I think your problem is in this line:

H = 2.0*(X - self.lb)/(self.ub - self.lb) - 1.0

In the third column fo X, corresponding to the z variable, both self.lb and self.ub are the same value, and equal to the value in the example, in this case 1, so it is acutally computing:

2.0*(1.0 - 1.0)/(1.0 - 1.0) - 1.0 = 2.0*0.0/0.0 - 1.0

Which is nan.

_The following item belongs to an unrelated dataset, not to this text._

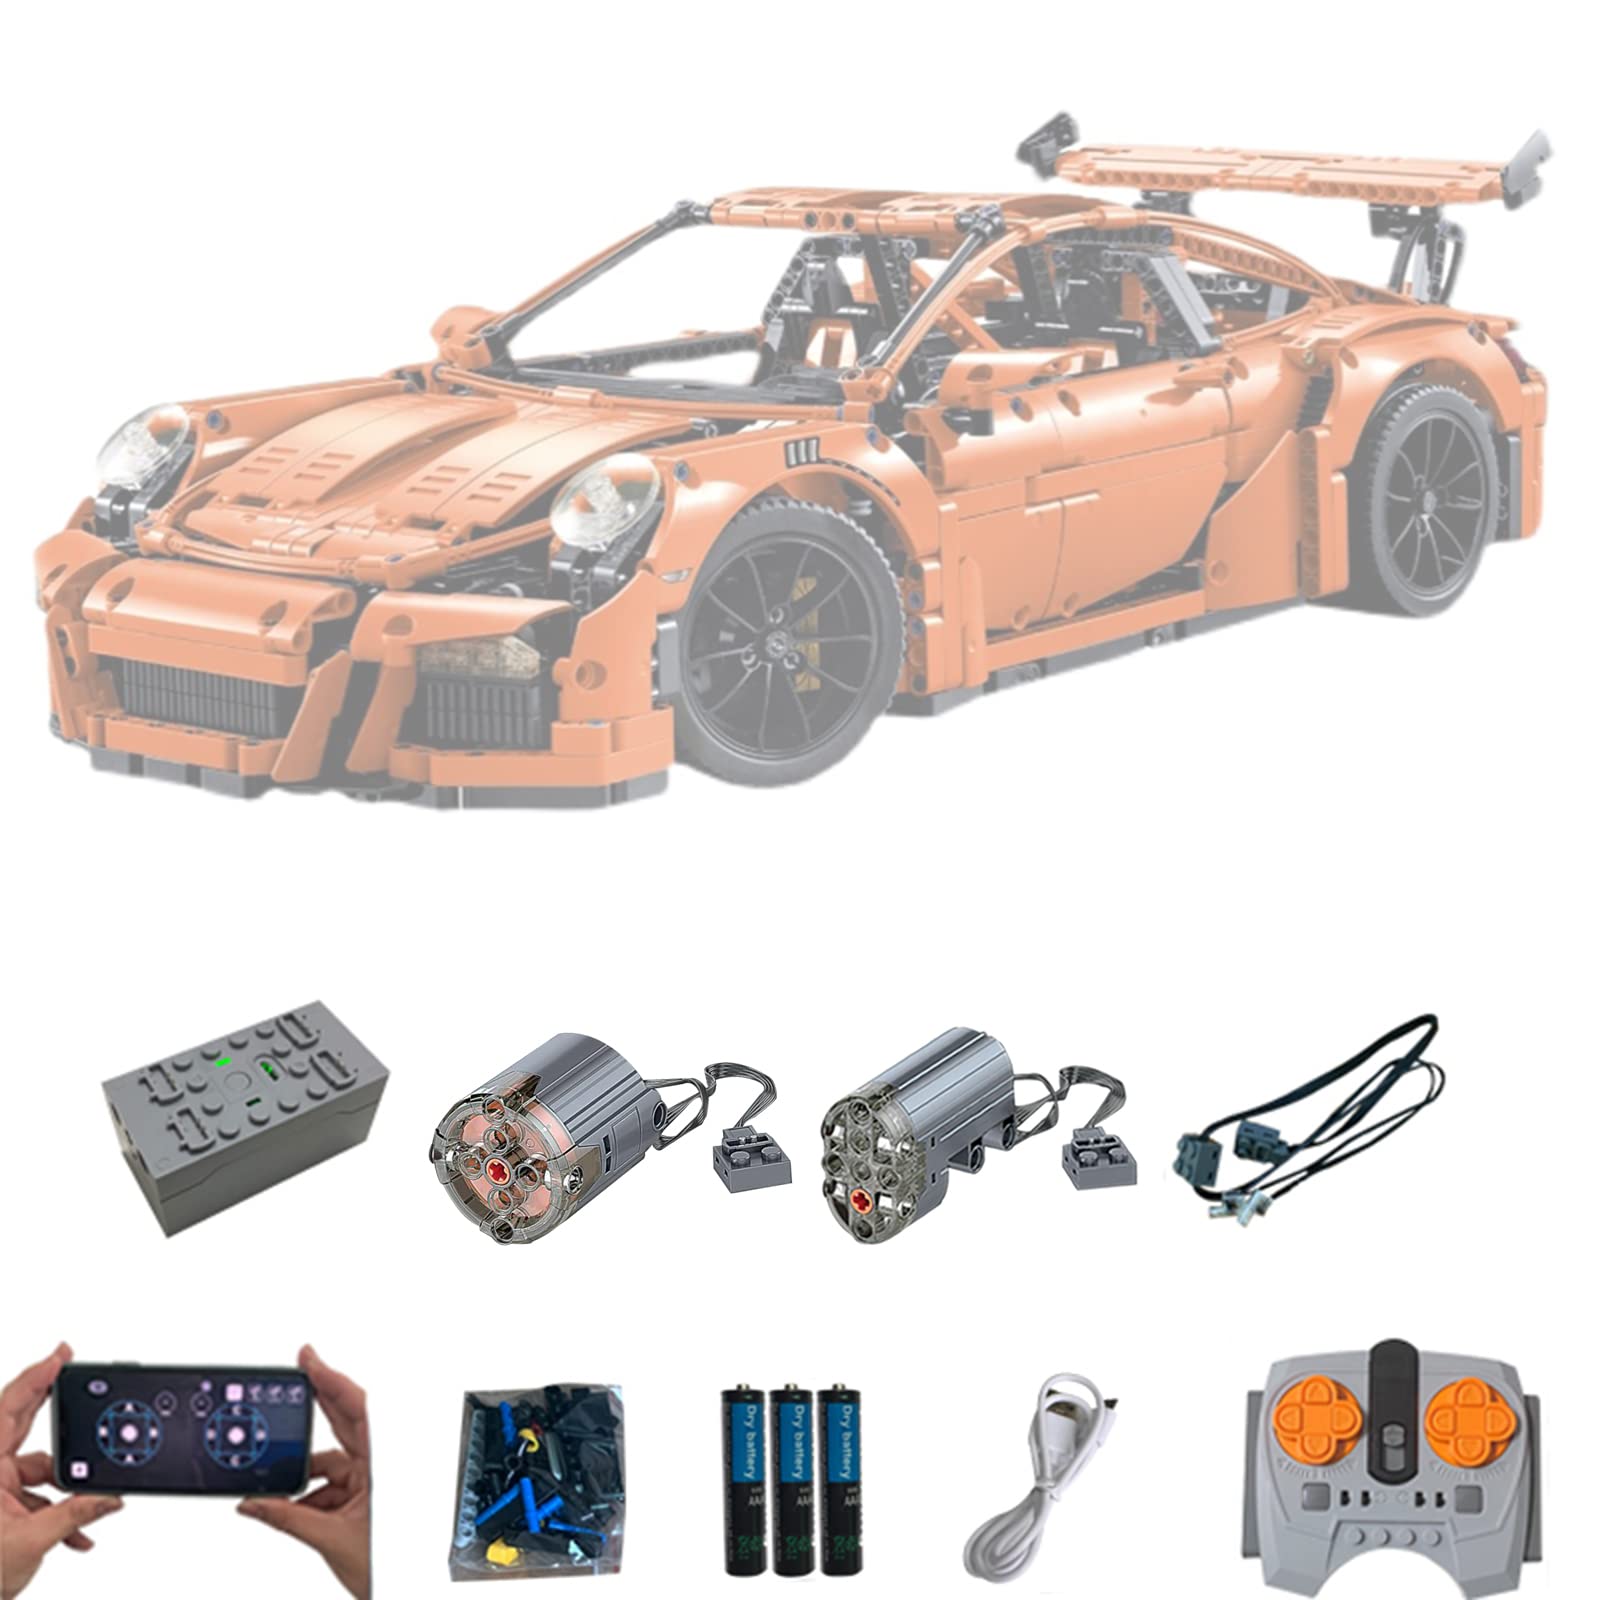 Super Motor und Fernbedienung Upgrade Zubehör für Lego Technic 42056 Porsche 911 GT3 RS, Fernbedienung und APP-Steuerung, Power Functions Motor Set Kompatibel mit Lego 42056(Nicht Enthalten Modell)
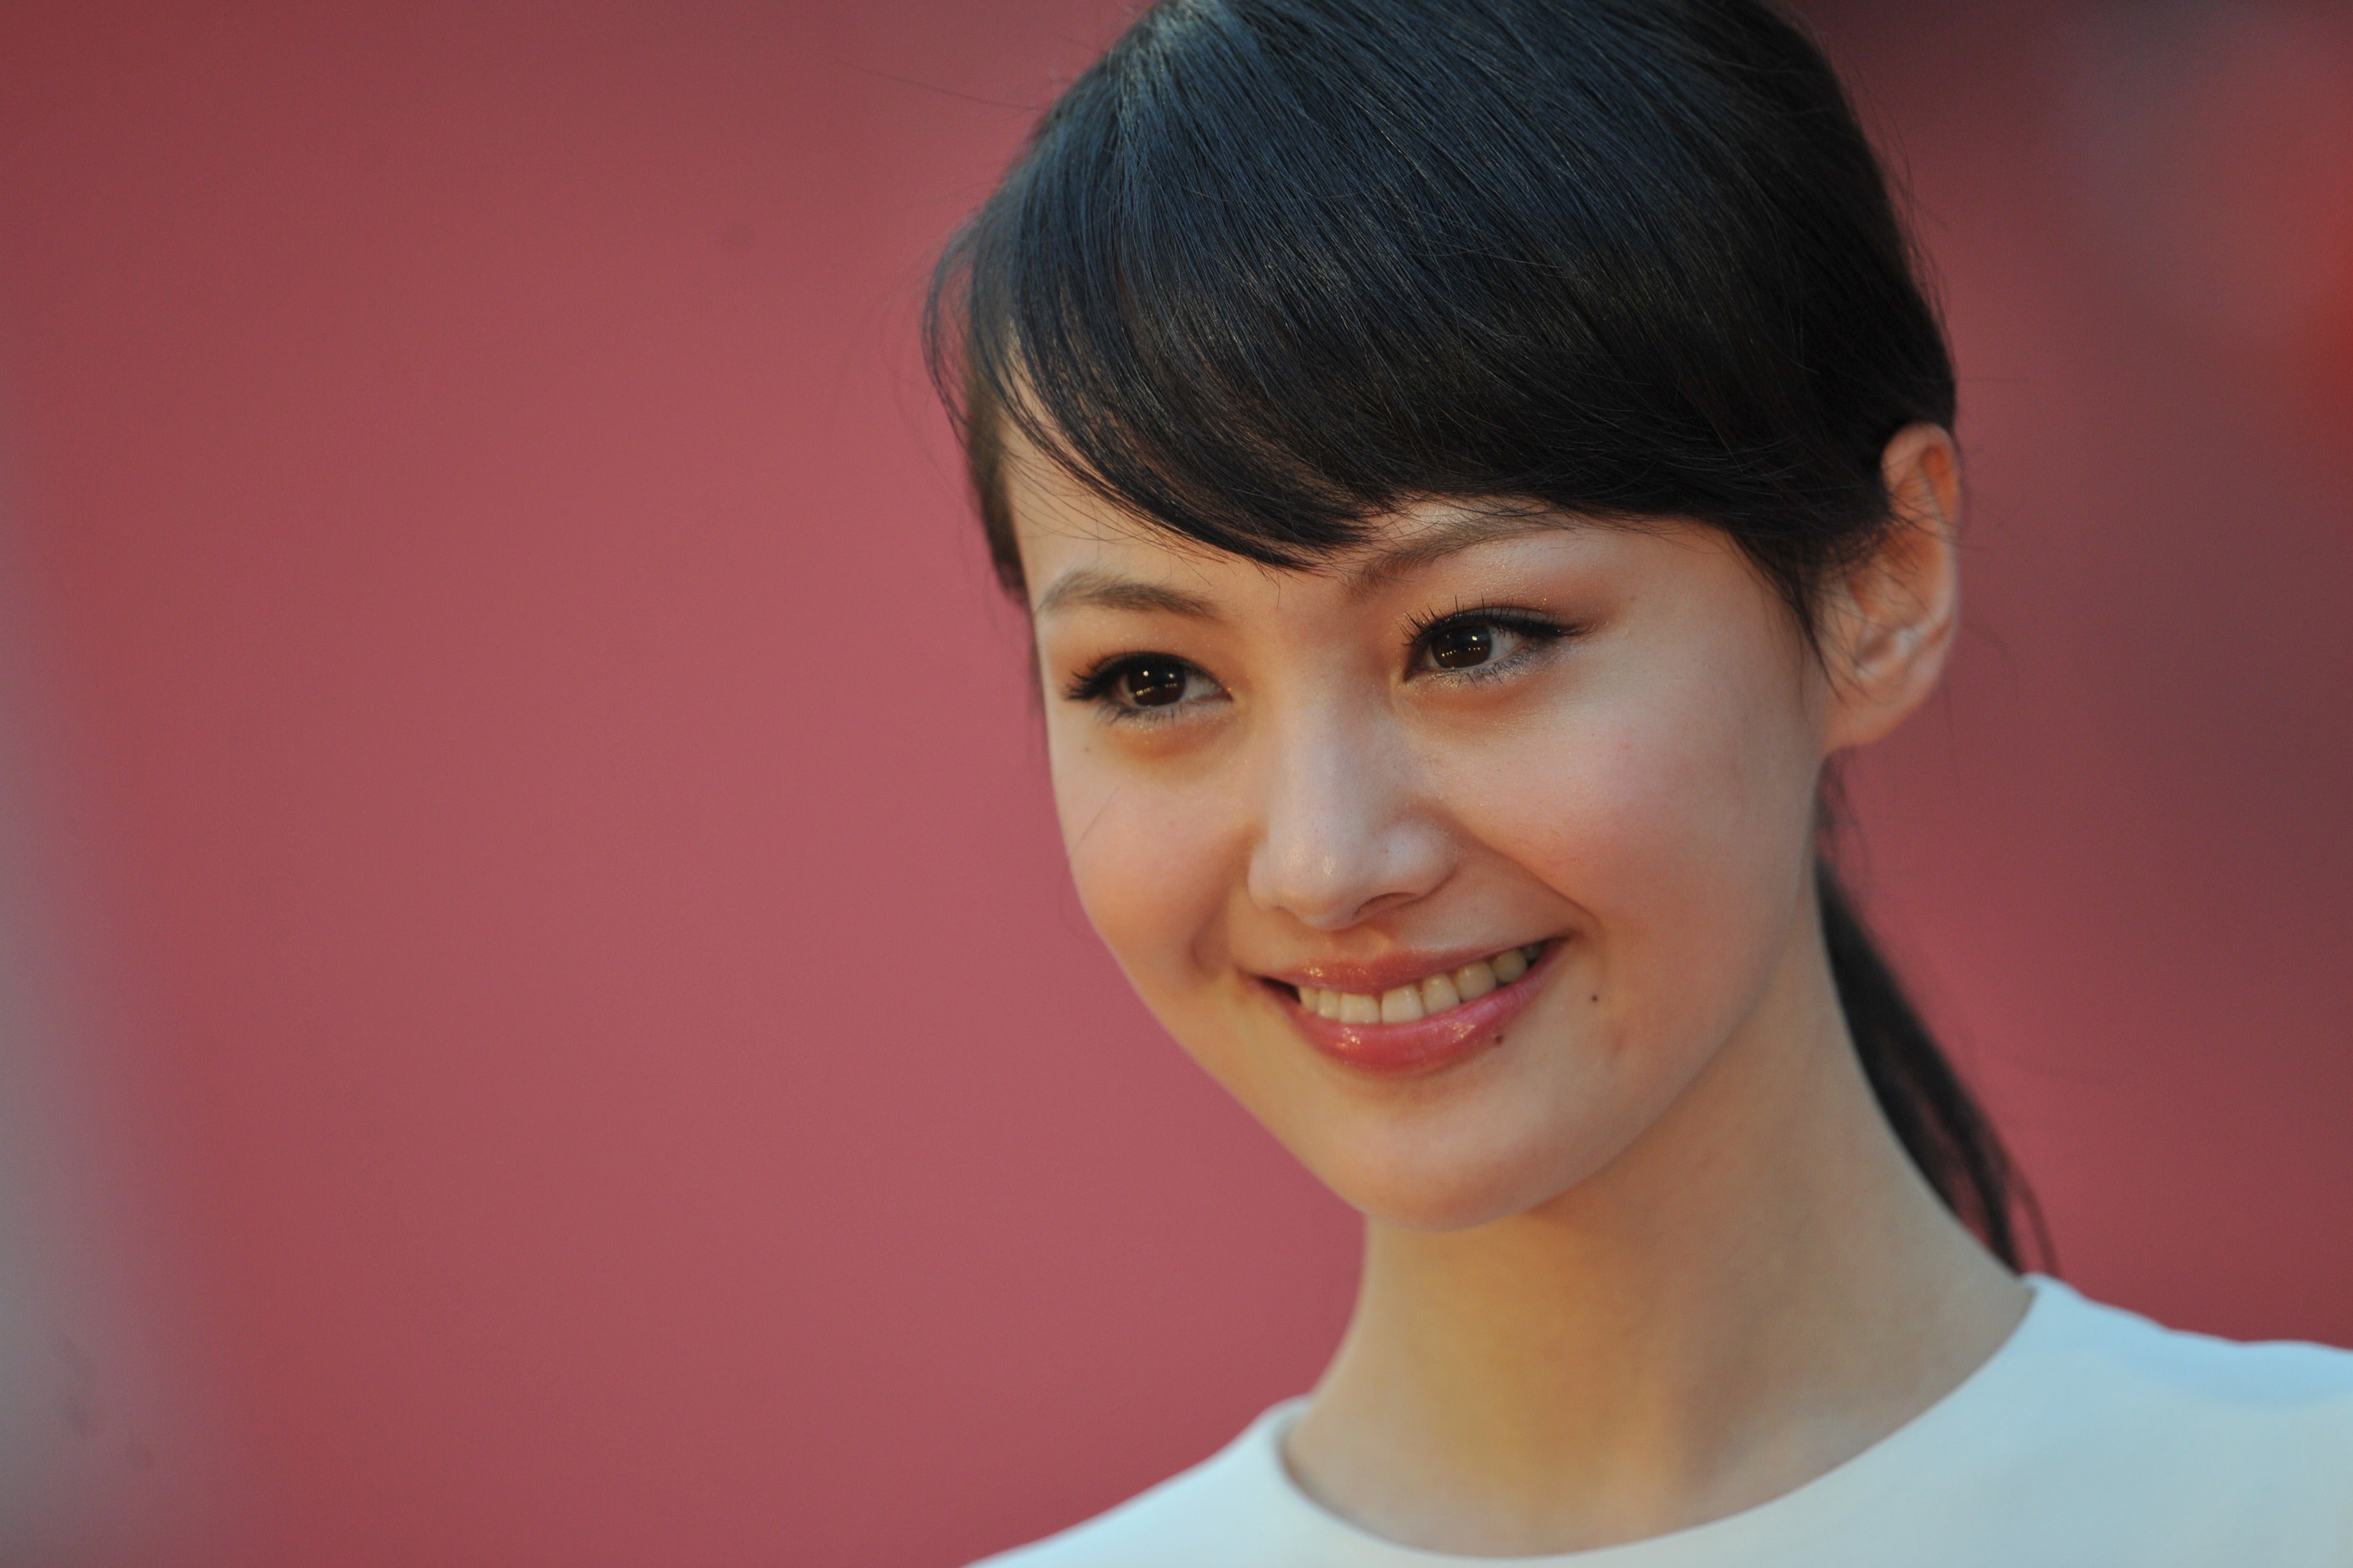 File image: Zheng Shuang at the 31st Hong Kong Film Awards in 2012

You can work around the issue in a few different ways, a simple option is to simply do:

# Avoids dividing by zero
X_d = tf.math.maximum(self.ub - self.lb, 1e-6)
H = 2.0*(X - self.lb)/X_d - 1.0
0
votes

This is an interesting situation. A quick check on an online tool for regression shows that even simple regression suffers from the problem of unable to fit data points when one of the inputs is constant through the dataset. Taking a look at the algebraic solution for a two-variable linear regression problem shows the solution involving division by standard deviation which, being zero in a constant set, is a problem.

As far as solving through backprop is concerned (as is the case in your neural network), I strongly suspect that the derivative of the loss with respect to the input (these expressions) is the culprit, and that the algorithm is not able to update the weights W using W := W - α.dZ, and ends up remaining constant.